Aber die Romantik zeigt Risse. Arnold ist geschieden, wird jedoch von seinen zwei verwöhnten Teenager-Töchtern mittels telefonischer Hilferufe immer von Gloria weggelockt. Der Held ihres neuen Sex-Lebens erweist sich als neurotisch, ohne klare Haltung. Unabhängigkeit, wie Gloria sie lebt, ist ein Fremdwort für ihn.

Zwischen Glückseligkeit und Konfrontationen

[In 14 Berliner Kinos, OmU: Delphi Lux, Eva, Hackesche Höfe, Il Kino, Kulturbrauerei, Rollberg]

Lelios Drehbuch demontierte den Mythos des Latin Lovers, die gleichen grotesken Konstellationen und Kabalen funktionieren im US-amerikanischen Milieu aber auch als Satire auf sogenannte ältere weiße Männer. Arnold rechtfertigt bei einem Abendessen mit Glorias liberalen Freunden die Freiheit der Waffenliebhaber und verlässt heimlich den Tisch, weil er sich von seiner Geliebten nicht verteidigt fühlt. Der Ex-Offizier betreibt einen Schießplatz, weil Männer eben gern Krieg spielen, kann jedoch bei einer Familienrunde Glorias Zuwendung zur Patchworkfamilie ihres geschiedenen Gatten nicht aushalten.

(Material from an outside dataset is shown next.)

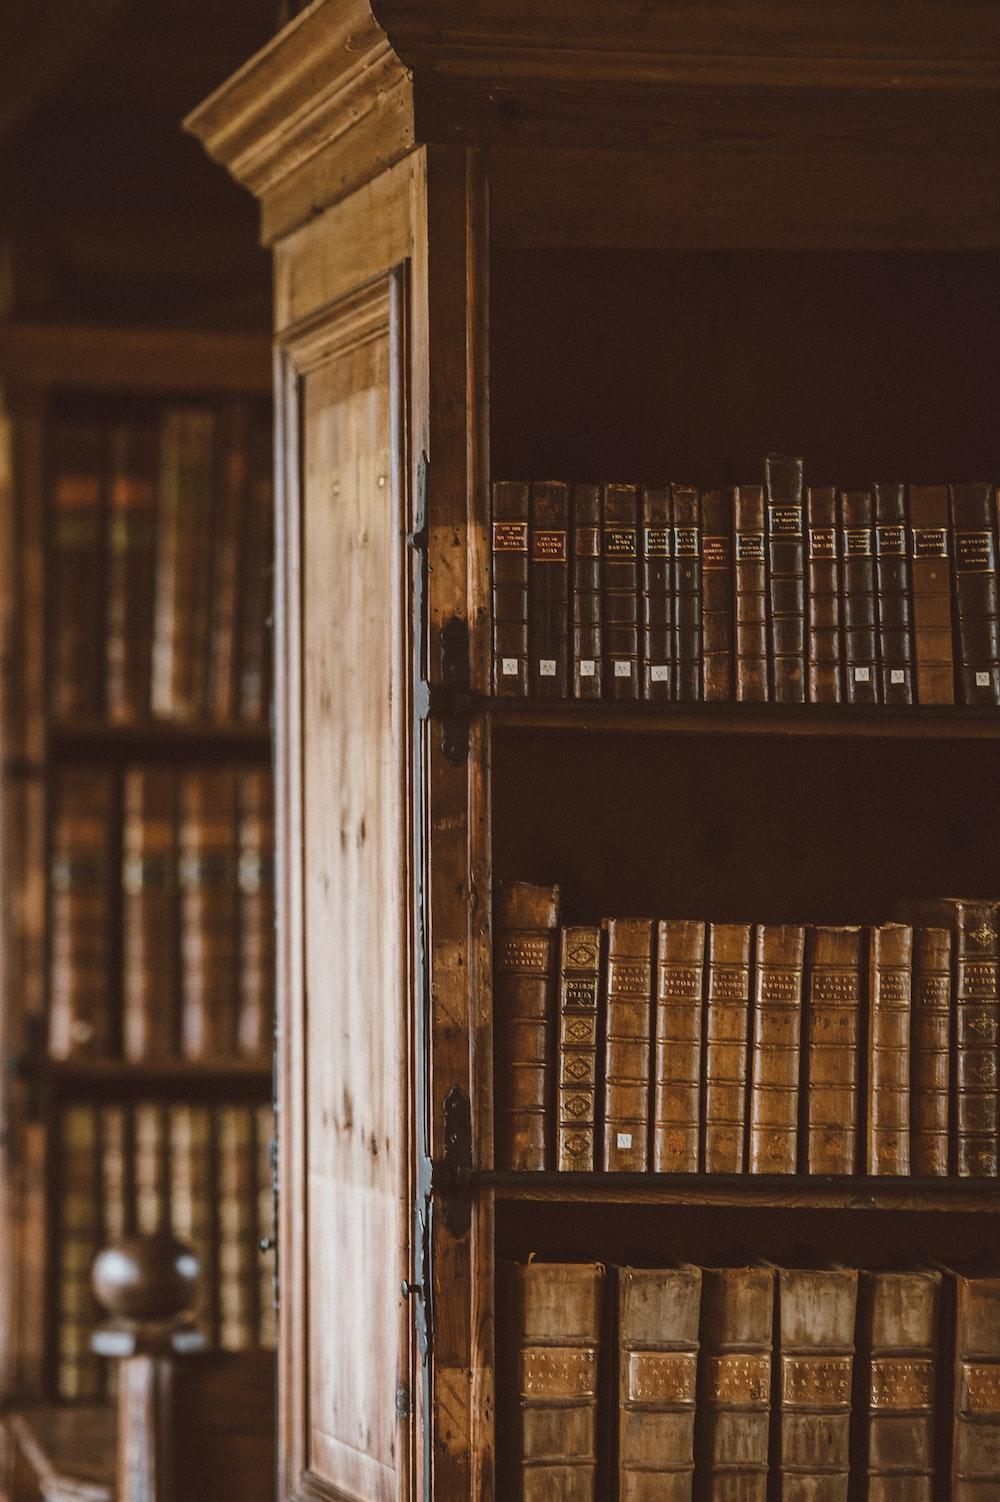 books in bookshelves

Dieses fatale Spiel steigert sich, die Achterbahnfahrt zwischen Glückseligkeit und peinlichen Konfrontationen mit Arnolds gekränktem Narzissmus wirft die selbstbewusste Gloria aus der Bahn, bis sie – als idealisierte Verkörperung einer starken Frau – den Entschluss fasst, Arnold zum Abschied mit seinem eigenen Spielzeug die richtige Lektion zu erteilen.